The content of the rubbery polymer component in component (A) is 3 to 60% by weight, preferably 5 to 40% by weight.

If the content is less than 3% by weight, the desired impact resistance cannot be obtained, while if it exceeds 60% by weight, flame retardancy and practical moldability will deteriorate, which is undesirable.

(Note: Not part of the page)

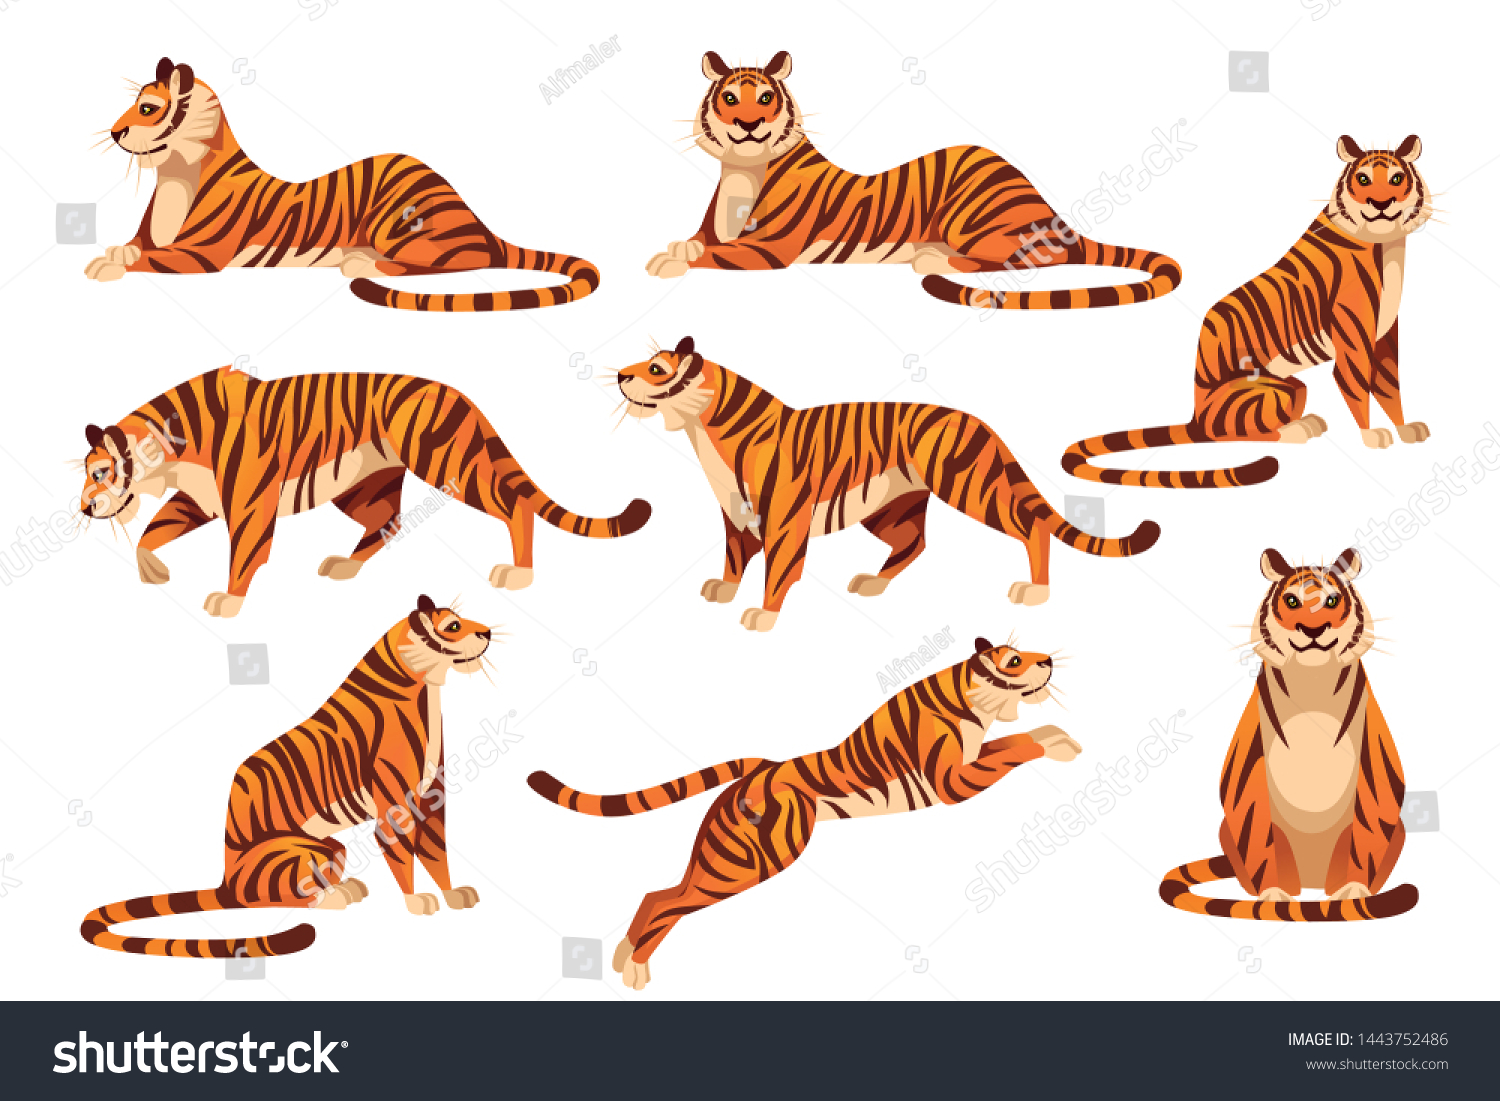 Tiger mane Images, Stock Photos & Vectors | Shutterstock

In addition, the ratio (graph) in component (A) is 15 to 180% by weight, preferably 30 to 150% by weight, and the kraft ratio is 15% by weight.
If it is less than 120% by weight, the impact resistance will decrease, while if it exceeds 120% by weight, the surface gloss of the molded article will tend to decrease and the heat resistance will tend to decrease, which is not preferable.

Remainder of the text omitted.